_DATASET EXCERPT_
::::::::::
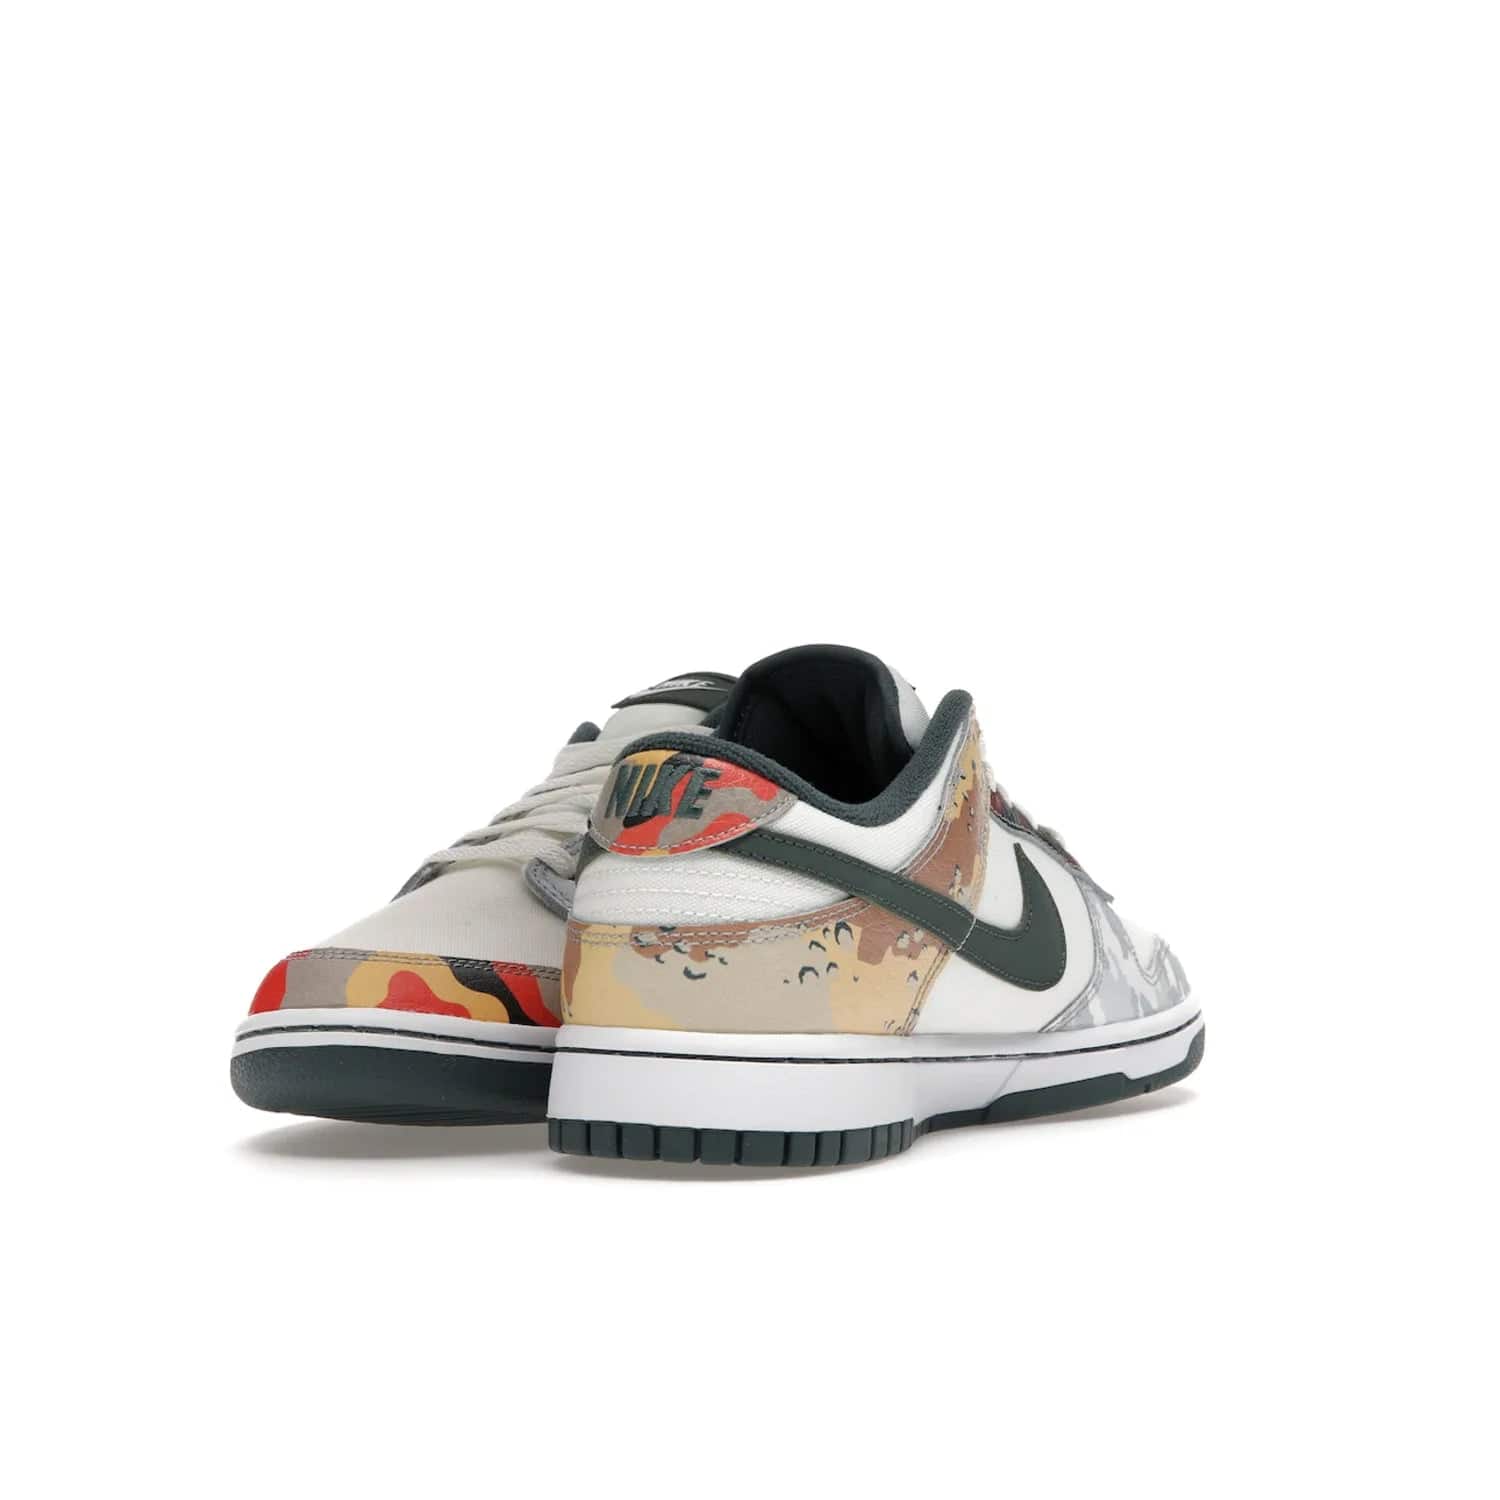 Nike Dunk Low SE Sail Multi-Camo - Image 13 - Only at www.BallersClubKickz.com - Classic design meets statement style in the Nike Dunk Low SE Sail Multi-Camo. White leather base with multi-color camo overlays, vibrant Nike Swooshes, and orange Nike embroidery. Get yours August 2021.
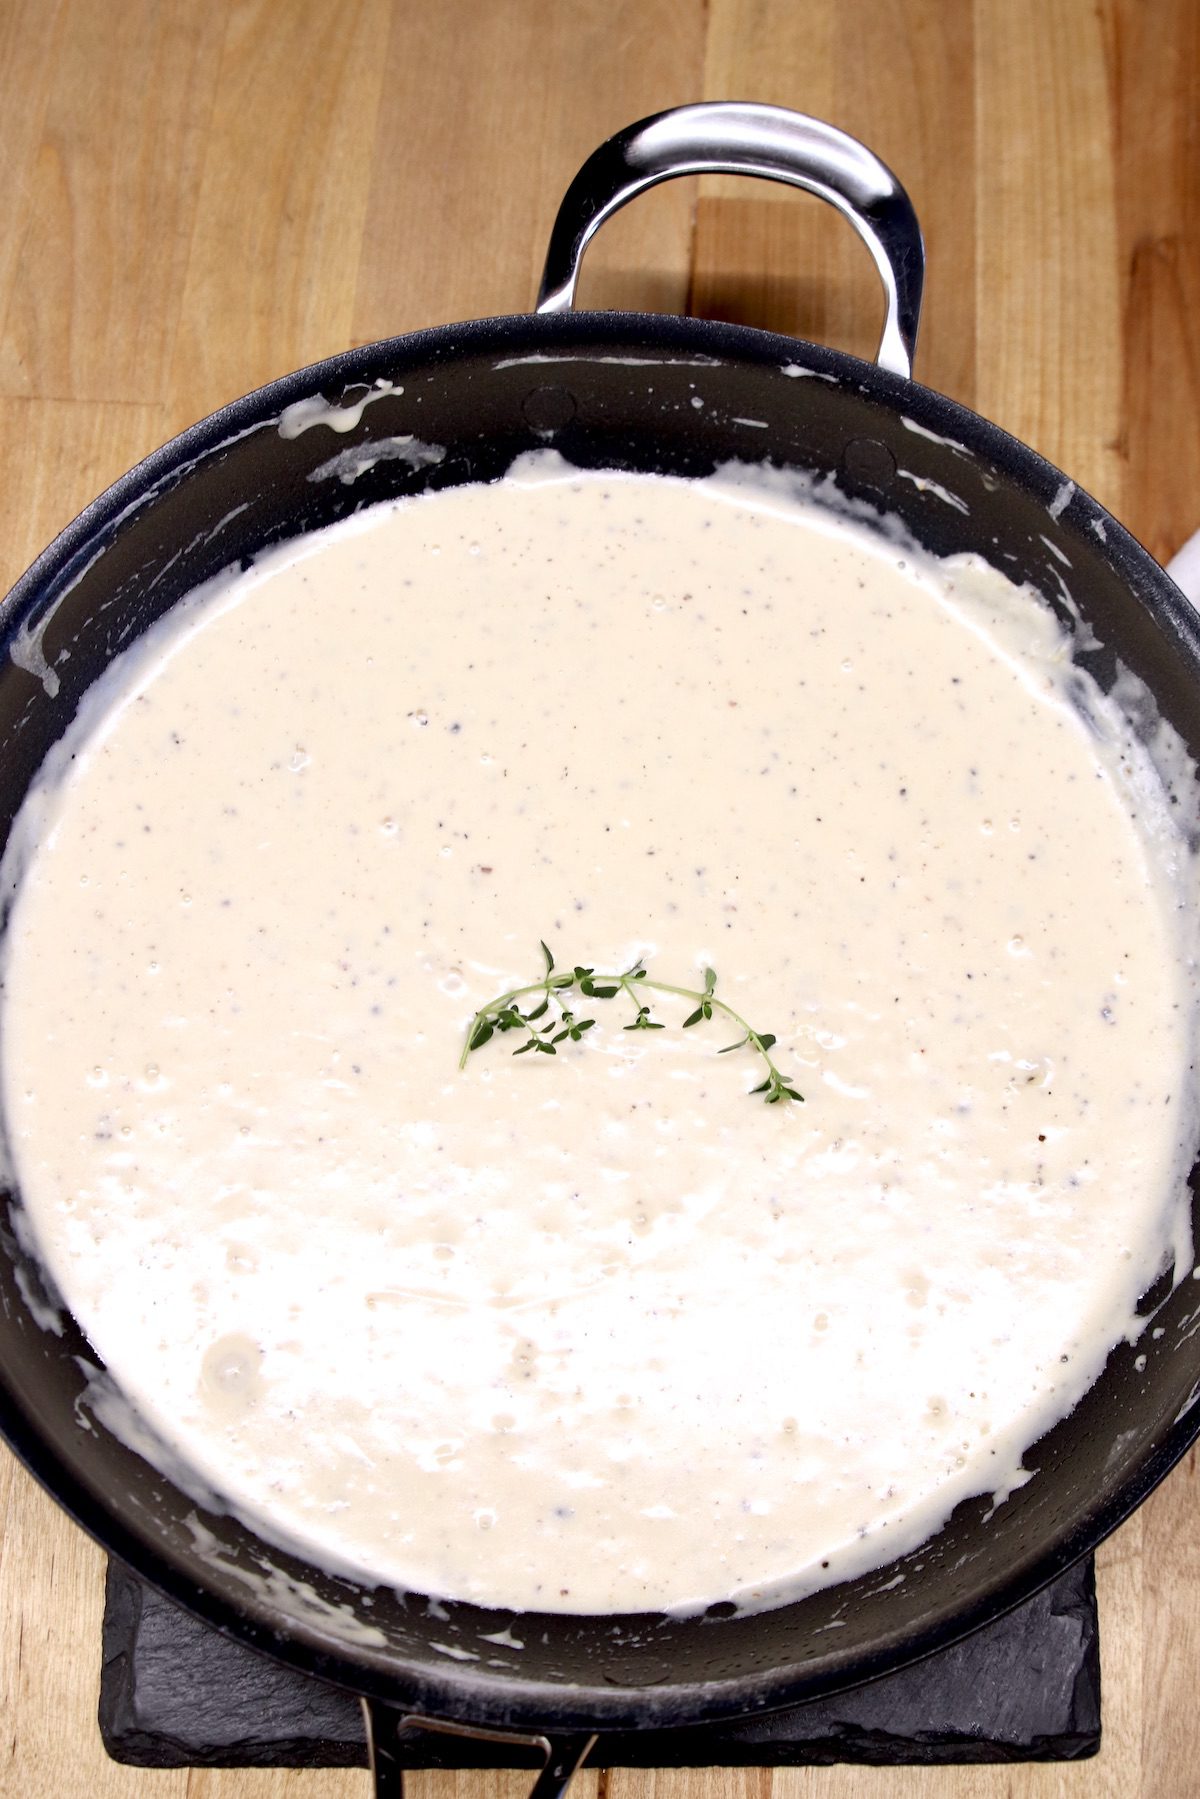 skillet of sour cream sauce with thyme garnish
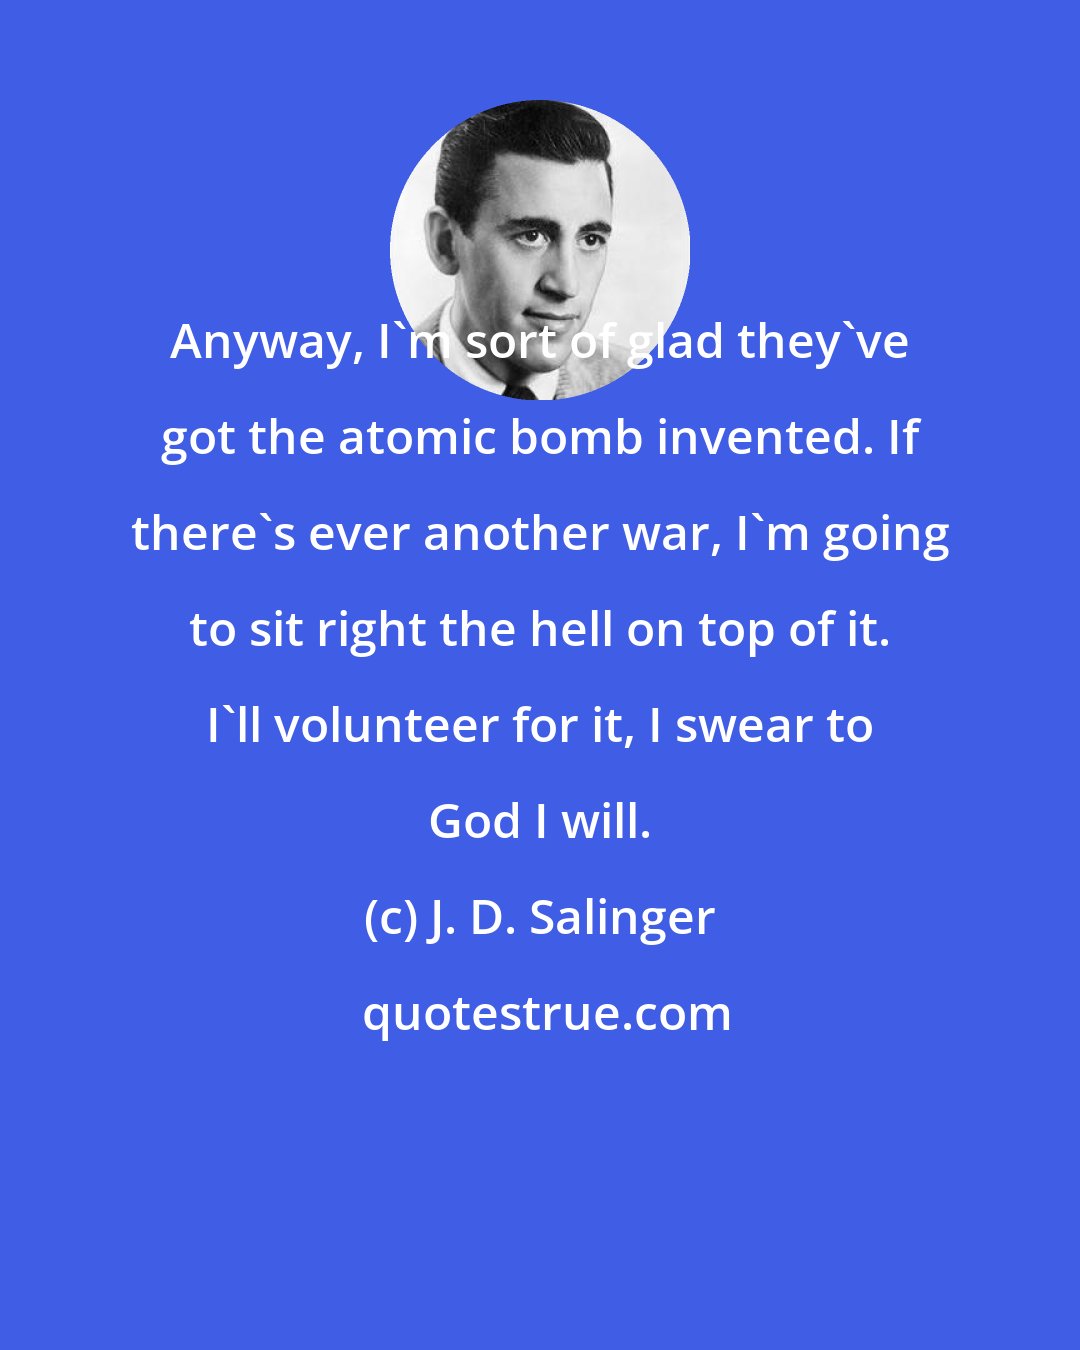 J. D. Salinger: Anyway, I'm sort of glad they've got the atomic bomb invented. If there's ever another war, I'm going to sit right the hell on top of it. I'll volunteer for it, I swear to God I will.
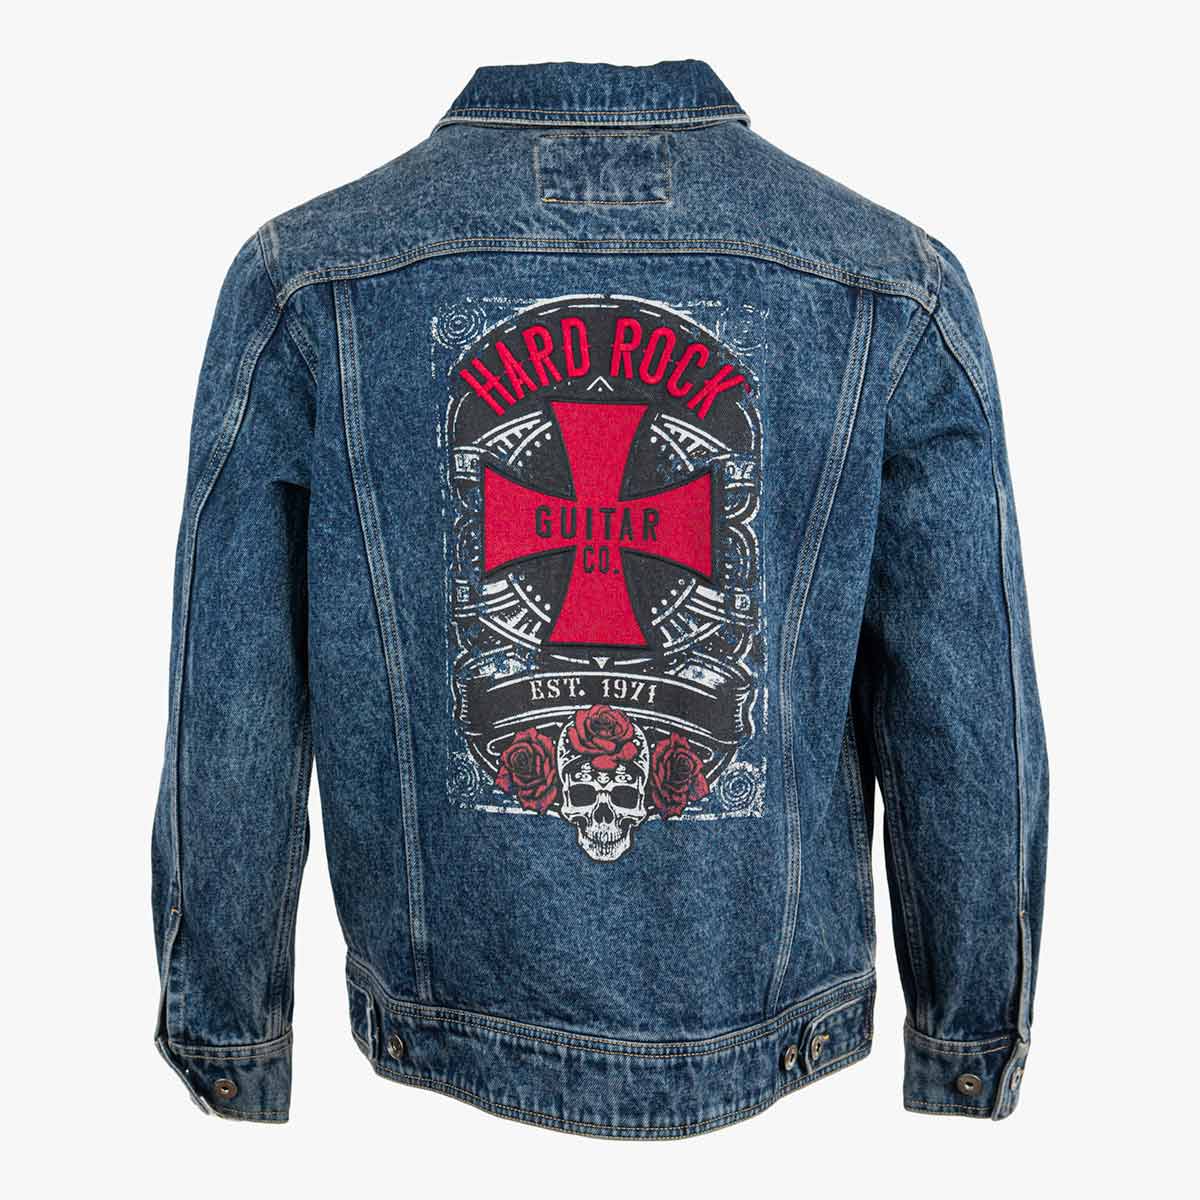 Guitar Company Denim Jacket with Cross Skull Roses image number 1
::::::::::
_AIM OF THE EXERCISE_
Could you print the listing above word for word, without its pictures?

_RESPONSE TO THIS EXERCISE_
 Nike Dunk Low SE Sail Multi-Camo - Image 13 - Only at www.BallersClubKickz.com - Classic design meets statement style in the Nike Dunk Low SE Sail Multi-Camo. White leather base with multi-color camo overlays, vibrant Nike Swooshes, and orange Nike embroidery. Get yours August 2021.
 skillet of sour cream sauce with thyme garnish
 J. D. Salinger: Anyway, I'm sort of glad they've got the atomic bomb invented. If there's ever another war, I'm going to sit right the hell on top of it. I'll volunteer for it, I swear to God I will.
 Guitar Company Denim Jacket with Cross Skull Roses image number 1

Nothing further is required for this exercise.